First, we examined the bioactivity and the specificity of the purified IgG4 samples against rat Nfasc155 and rat nervous tissues, as our goal was to test the pathogenic function of these antibodies in rodent models. We confirmed that these purified IgG4 fractions reacted against rat Nfasc155 by Western blot against rat brain protein samples (Supplemental Figure 2B), but also by immunostaining on rat Nfasc155–expressing human embryonic kidney 293 (HEK293) cells and on teased rat sciatic nerve fibers (Supplemental Figures 3 and 4). The reactivity of IgG4 fractions against rat brain samples, rat Nfasc155, or rat sciatic nerves was abrogated after elimination of anti-Nfasc155 antibodies by immunoadsorption against Nfasc155 (Supplemental Figures 2–4). This clearly indicated that the paranodal fixation was due to a specific reactivity against Nfasc155. In keeping, no reactivity was found against rat CASPR1/CNTN1 or rat Nfasc186 (Supplemental Figure 3).
We next investigated whether anti-Nfasc155 IgG4 may affect the interaction between Nfasc155 and its axonal partners CNTN1 and CASPR1 using a cell aggregation assay. For that purpose, HEK293 cells were transfected with mCherry-conjugated rat Nfasc155, or with CNTN1 and GFP-tagged CASPR1. Cells were then mixed together and incubated for 2 hours under gentle agitation to enable cell aggregate formation. The percentage of cell aggregates showing contacts between mCherry-expressing (red) and GFP-expressing (green) cells was then quantified, as well as the percentage of green cells per aggregate. As negative controls, Nfasc155-expressing cells were incubated with cells expressing GFP alone. Under such conditions, minimal interaction was observed between Nfasc155- and GFP-expressing cells (Figure 1), and most cell aggregates contained either only Nfasc155-expressing cells or only GFP-expressing cells. By contrast, Nfasc155-expressing cells formed numerous interactions with CNTN1/CASPR1–expressing cells, and most cell aggregates contained 50% green and red cells (Figure 1). To test the efficacy of anti-Nfasc155 IgG4 to dismantle these aggregates, 10 μg of IgG4 was added to the cell mixture during the 2-hour incubation step. For comparison, anti-CNTN1 IgG4 antibodies were also tested. As previously described (28), anti-CNTN1 IgG4 potently inhibited the interaction of Nfasc155-expressing cells with CNTN1/CASPR1. By contrast, anti-Nfasc155 IgG4 from the 3 distinct CIDP patients did not decrease cell-cell interaction (Figure 1). Interestingly, cell aggregates incubated with anti-Nfasc155 IgG4 presented a higher percentage of Nfasc155-expressing cells. This indicated that anti-Nfasc155 IgG4 antibodies do not prevent the interaction between Nfasc155 and its axonal partners CNTN1/CASPR1, but may favor Nfasc155 clustering.

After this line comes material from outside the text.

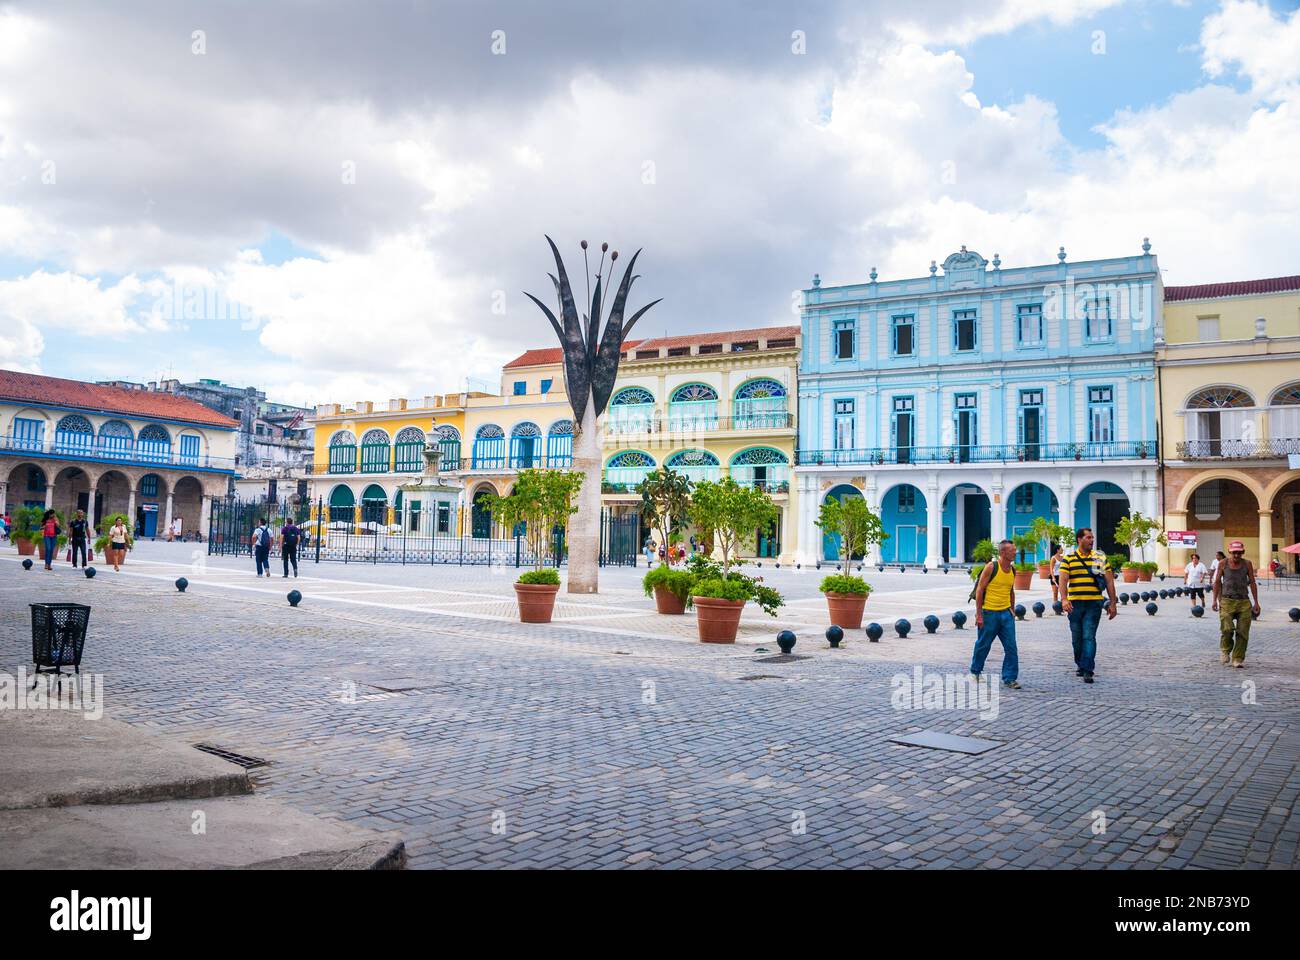 The Plaza Vieja of Havana (old Havana square) is a popular tourist stop in central Havana Cuba Stock Photo

Anti-Nfasc155 IgG4 binds to surface antigens on Schwann cells.
We previously reported that the function-blocking activity of anti-CNTN1 IgG4 enables these autoantibodies to dismantle the axoglial interaction and to penetrate the paranodal barrier (29). To determine whether anti-Nfasc155 IgG4 antibodies have a similar pathogenic potential, rat sciatic nerve segments were incubated in vitro for 1 hour with 10 μg of anti-Nfasc155 IgG4 purified from the 3 distinct CIDP patients (Supplemental Figure 5). An important IgG4 deposition was observed around nodes of Ranvier and at the surface of Schwann cells with all samples (Supplemental Figure 5). However, no IgG4 deposition was found at paranodes even after 3 hours of incubation, and no alterations of the paranodal regions were observed. Incubation with 10 μg of control IgG4 did not generate any staining (data not shown). To confirm these findings, intraneural injections of 10 μg of antibodies were performed in the sciatic nerves of 1-month-old rats. IgG4 deposition was then monitored 1 and 3 days after the injection, and the sciatic nerve fibers were immunostained for Nav channels and CNTN1 to label nodes and paranodes, or for β-catenin to label the adherens junctions in noncompact myelin. Again, no IgG4 deposition was detected at paranodes at 1 or 3 days after injection, and no alterations of the paranodal regions were observed. Instead, an important IgG4 was seen along the adherens junctions on the surface of the Schwann cells at both 1 and 3 days after injection (arrows in Figure 2, A–C). In addition, an important IgG4 deposition was observed around the nodes of Ranvier (Figure 2, D and E). Confocal microscopy examination demonstrated that the IgG4 deposition did not colocalize with Nav channels at nodal axolemma, but may be located on Schwann cell microvilli surrounding the nodes. IgG4 deposition appeared in a disc-shaped manner around the nodes by 1 day, and became juxtanodal by 3 days after injection (Figure 2, D and E).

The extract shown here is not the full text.